On the same day as the massacre memorial, a genocide charge was reinstated against former Bosnian Serb leader Radovan Karadzic at the ICTY in The Hague, related to a campaign of killings in seven municipalities at the start of the war in 1992. The ruling means he now faces 11 charges, including a further charge of genocide for the Srebrenica massacre. The reinstated charges, which had been dismissed last year for a supposed lack of evidence, include the shelling of Sarajevo during the long siege of the city. (BBC News,, July 11)

When Karadzic began his defense in October, he emphasized his background as a psychiatrist and said that rather than being in the dock he should be rewarded for his efforts to find a peaceful resolution to the Yugoslav conflict.

Instead of being accused for the events in our civil war, I should have been rewarded for all the good things I've done, namely that I did everything in human power to avoid the war; that I succeeded in reducing the suffering of all civilians that the number of victims in our war was three to four times less than the numbers reported in the public; that I proclaimed numerous unilateral ceasefires and military containment and I stopped our army, many times, when they were close to victory; that I constantly sought peace and accepted four out of five peace agreements; that I advocated and initiated and implemented the humanization of the conflict by applying all measures of humanitarian action; that, in addition to my many presidential duties, I personally supervised the supply of humanitarian aid, ceasefires, and the honoring of the international law of warfare. And thus, I was the address for many successes of humanitarian actions. Also, I proclaimed and implemented many acts of mercy.

And of course he accused the Bosnian Muslims of staging attacks on themselves in the shelling of Sarajevo, even suggesting that they had used mannequins to trick the international community into believing there were more causalities. Testifying on his behalf was Col. Andrei Demurenko, Russian chief of staff for the UN "peacekeeping" mission in Bosnia, who asserted that the Bosniaks were the aggressors in the war. (Jurist, Oct. 17, 2012)

These statements loan credence to what has been termed the law of diminishing sensitivity—by which the scale of atrocities reduces the perpetrator's sense of guilt.

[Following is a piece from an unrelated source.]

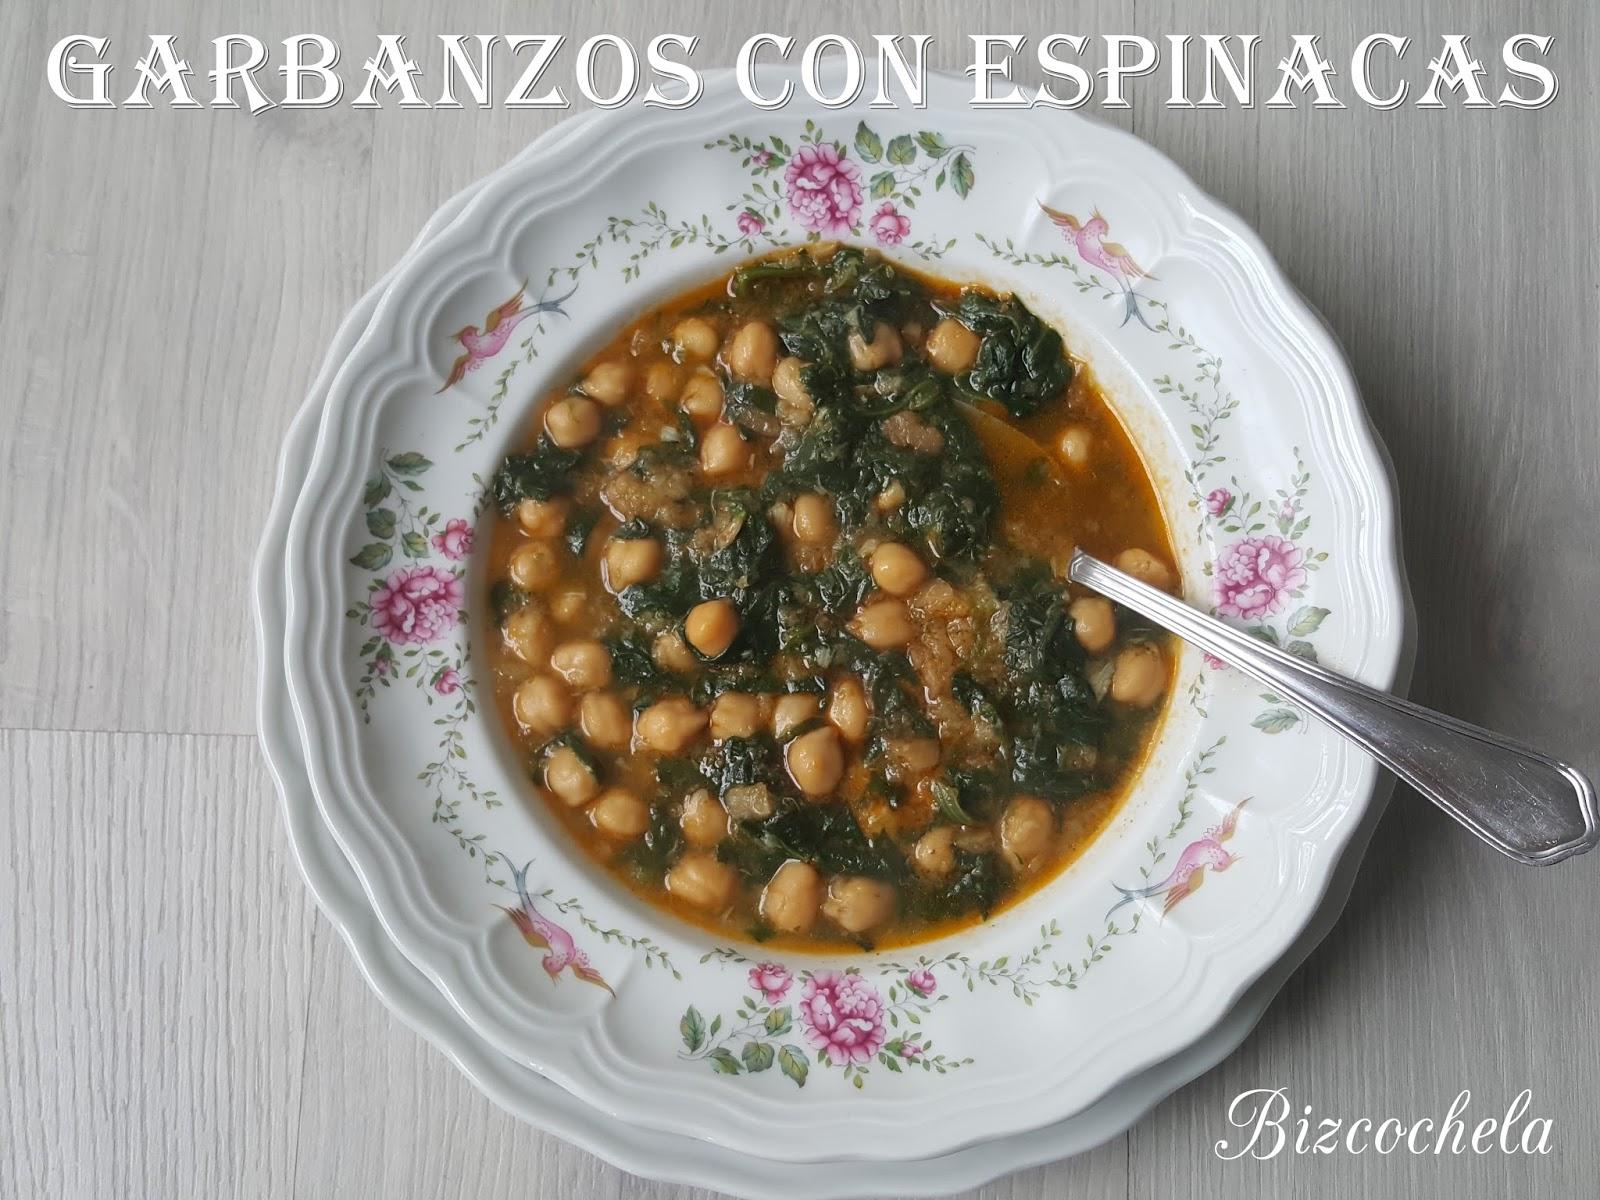 Garbanzos con espinacas for Cocinar espinacas

The eerie timing recalls last year's proceedings, which came two days after ICTY prosecutors re-opened the war crimes case against Ratko Mladic, Karadzic's military commander, after repeated delays. The proceedings resumed with emotional testimony from a Muslim survivor of a 1992 massacre at the village of Hrvacani, where his father was killed at makeshift prison camp that Mladic's troops had built to intern the residents. Mladic also faces genocide charges in the Srebrenica massacre. (IWPR, July 10, 2012; Jurist, May 17, 2012)

In addition to Mladic's Bosnian Serb Army, atrocities were carried out by paramilitary units supplied by Serbia proper and Montenegro, then both part of "rump Yugoslavia." The war crimes court for Bosnia and Herzegovina, run by the Sarajevo government, in March convicted a former paramilitary unit commander from Montenegro on multiple counts of murder, torture, rape and looting committed during the the Bosnian war, sentencing him to 45 years imprisonment. While fighting for the Bosnian Serbs, Veselin Vlahovic AKA "Batko" allegedly killed 31 people, raped countless Bosniak and Croat women, and tortured and robbed non-Serbs in a Sarajevo suburb. This was the longest sentence ever issued by the Bosnian war crimes court. Vlahovic was acquitted on six other counts.

Also in March, the ICTY sentenced two former Bosnian Serb officials each to 22 years in prison for war crimes and crimes against humanity. Former Serb Republic interior minister Mico Stanisic, and Stojan Zupljanin, his subordinate, faced charges of persecution, extermination, murder, deportation, and torture of Muslims and Croats, as part of a plan to establish "a Serb state, as ethnically 'pure' as possible." They were each found guilty on counts of persecution, murder and torture, while Zuplijanin was additionally convicted of extermination.

In January, the Bosnia-Herzegovina (BiH) court sentenced a former Bosnian Serb police officer to 20 years in prison for his role in the Srebrenica massacre. Bozidar Kuvelja was found to have actively aided in hunting down the Muslim men rounded up at killed at Srebrenica. In December, the ICTY sentenced former Bosnian Serb army commander  Zdravko Tolimir to life on charges of genocide and crimes against humanity for his role in the massacre. Also in December, the ICTY upheld the life sentence of Milan Lukic, a commander of the White Eagles paramilitary group, convicted of crimes that included burning more than 100 people alive in Bosnia.

But not all the prosecutions have been successful. In December the BiH war crimes court acquitted two Serb defendants of involvement in the Srebrenica massacre. Two other Serb defendants were acquitted by the BiH court in October.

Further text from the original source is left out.